WASHINGTON — A top House official said that a “significant data breach” at the health insurance marketplace for Washington, D.C., on Tuesday potentially exposed personal identifiable information of hundreds of lawmakers and staff.
In a letter obtained by NBC News, Chief Administrative Officer Catherine L. Szpindor said Wednesday that the U.S. Capitol Police and the FBI had alerted her to a data breach at DC Health Link.
“Currently, I do not know the size and scope of the breach, but have been informed by the Federal Bureau of Investigation (FBI) that account information and [personally identifiable information] of hundreds of Member and House staff were stolen,” Szpindor said. “I expect to have access to the list of impacted enrollees later today and will notify you directly if your information was compromised.”
Szpindor added that it did not appear that House lawmakers were “the specific target of the attack” on DC Health Link.
The data breach has also affected Senate offices, according to an email sent to Senate offices Wednesday afternoon.

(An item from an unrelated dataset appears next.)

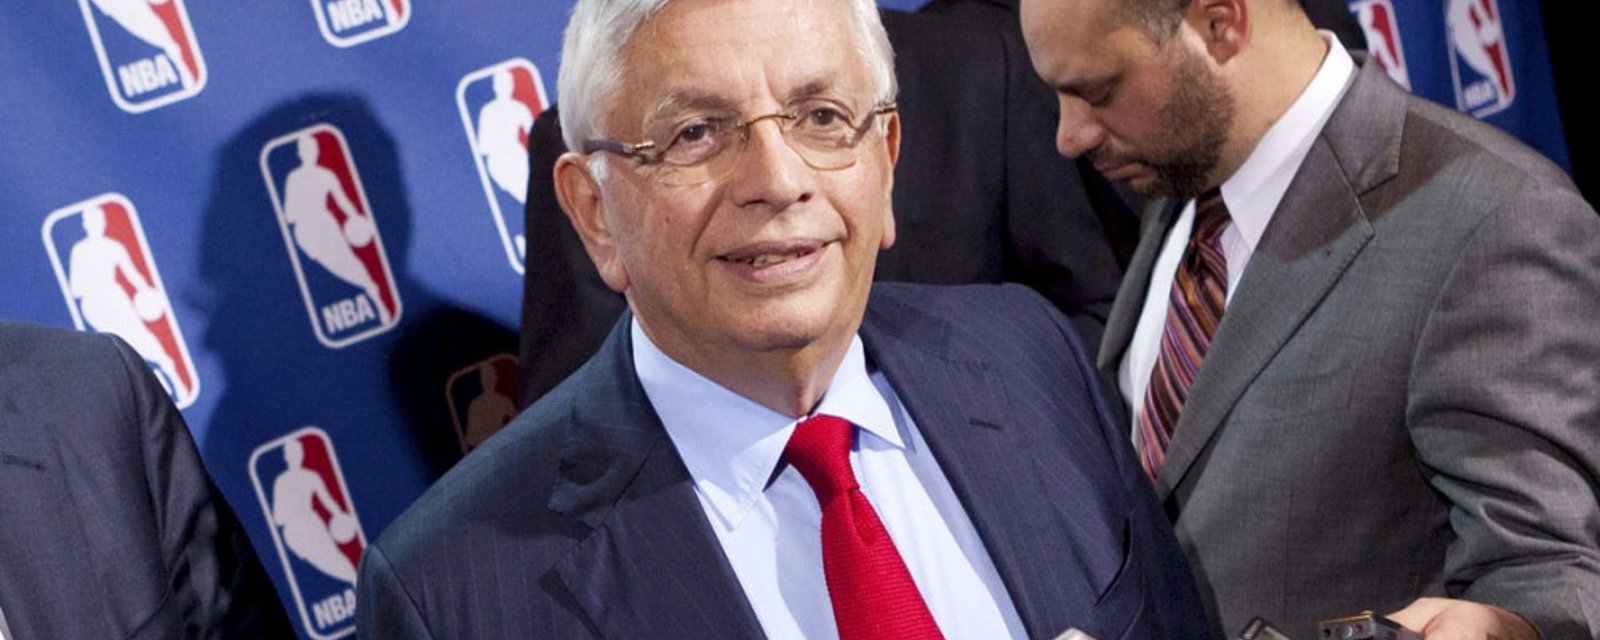 Gary Bettman comments on the passing of long-time NBA commissioner David Stern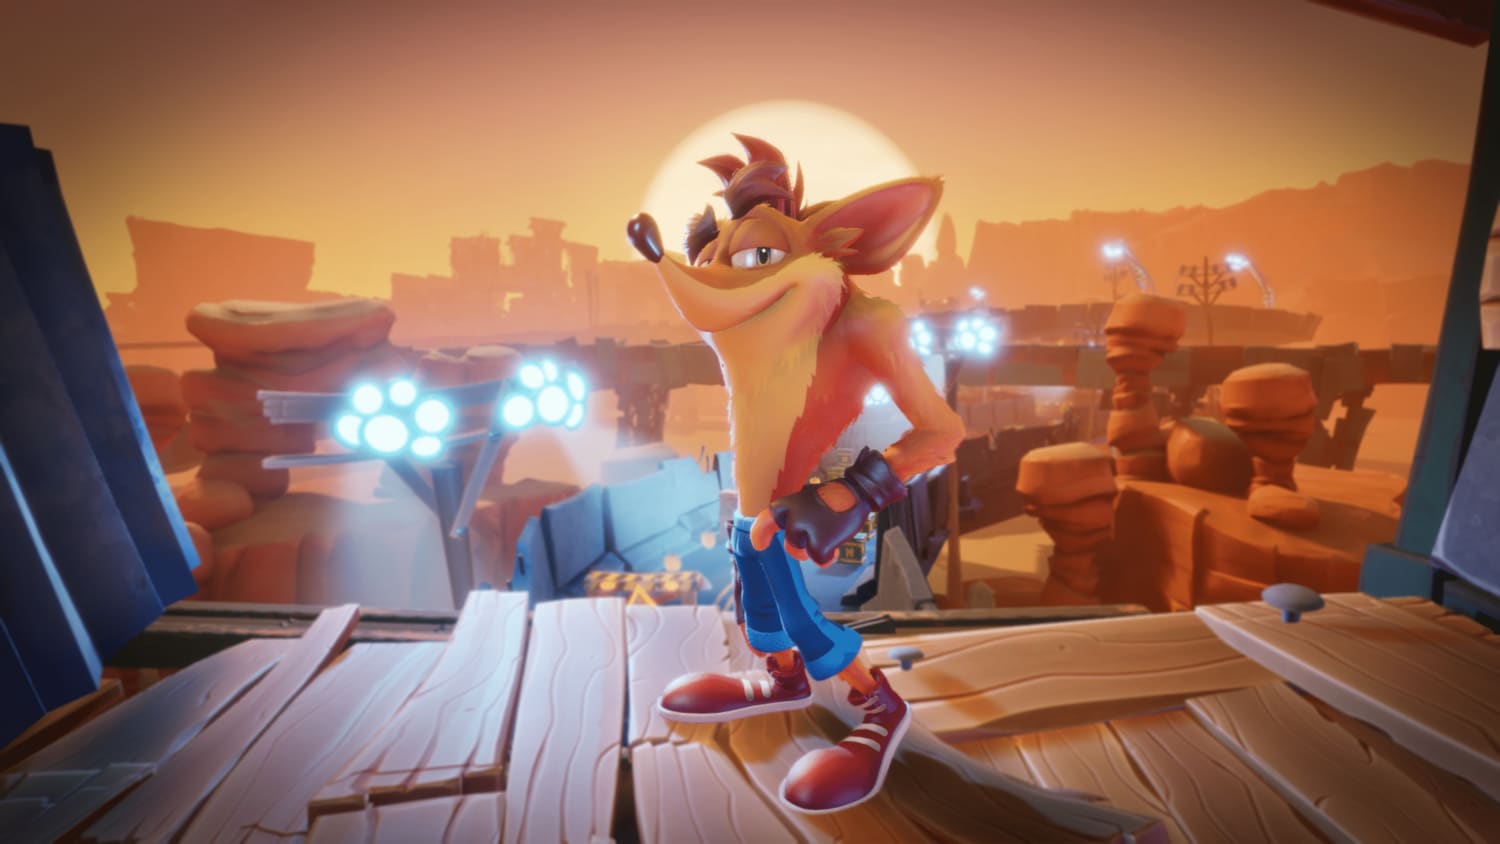 Crash Bandicoot 4: It's About Time Coming October 2nd

The notice said that the “data included the full names, date of enrollment, relationship (self, spouse, child), and email address, but no other Personally Identifiable Information (PII).”
The FBI, Capitol Police and DC Health Link did not respond to requests for comment.
A reporter for Punchbowl News first reported on Szpindor’s letter.
Out of an “abundance of caution,” Szpindor said, lawmakers may opt to freeze family credit at three major credit bureaus, Equifax, Experian and Transunion.
According to Szpindor’s letter, House Speaker Kevin McCarthy, R-Calif., and House Minority Leader Hakeem Jeffries, D-N.Y., requested additional information from DC Health Link on what data was taken, who was affected and what steps were being taken to protect House victims of the breach.